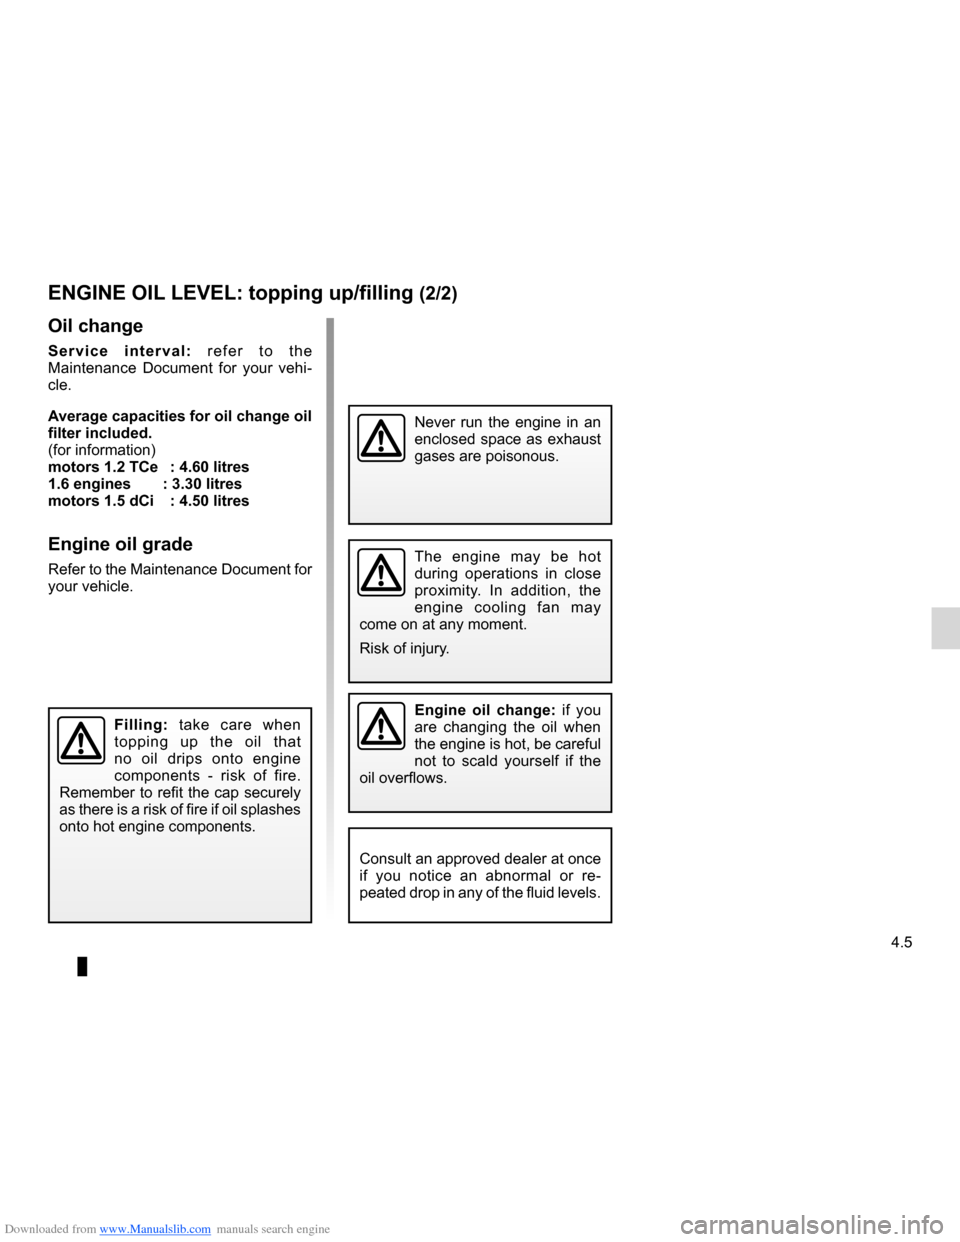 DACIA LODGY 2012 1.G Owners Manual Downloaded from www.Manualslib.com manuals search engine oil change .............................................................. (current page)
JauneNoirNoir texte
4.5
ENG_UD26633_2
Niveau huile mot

• WHAT YOU SHOULD DO:
Repeat every record above exactly, but drop the pictures.

• REPLY:
 DACIA LODGY 2012 1.G Owners Manual Downloaded from www.Manualslib.com manuals search engine oil change .............................................................. (current page)
JauneNoirNoir texte
4.5
ENG_UD26633_2
Niveau huile mot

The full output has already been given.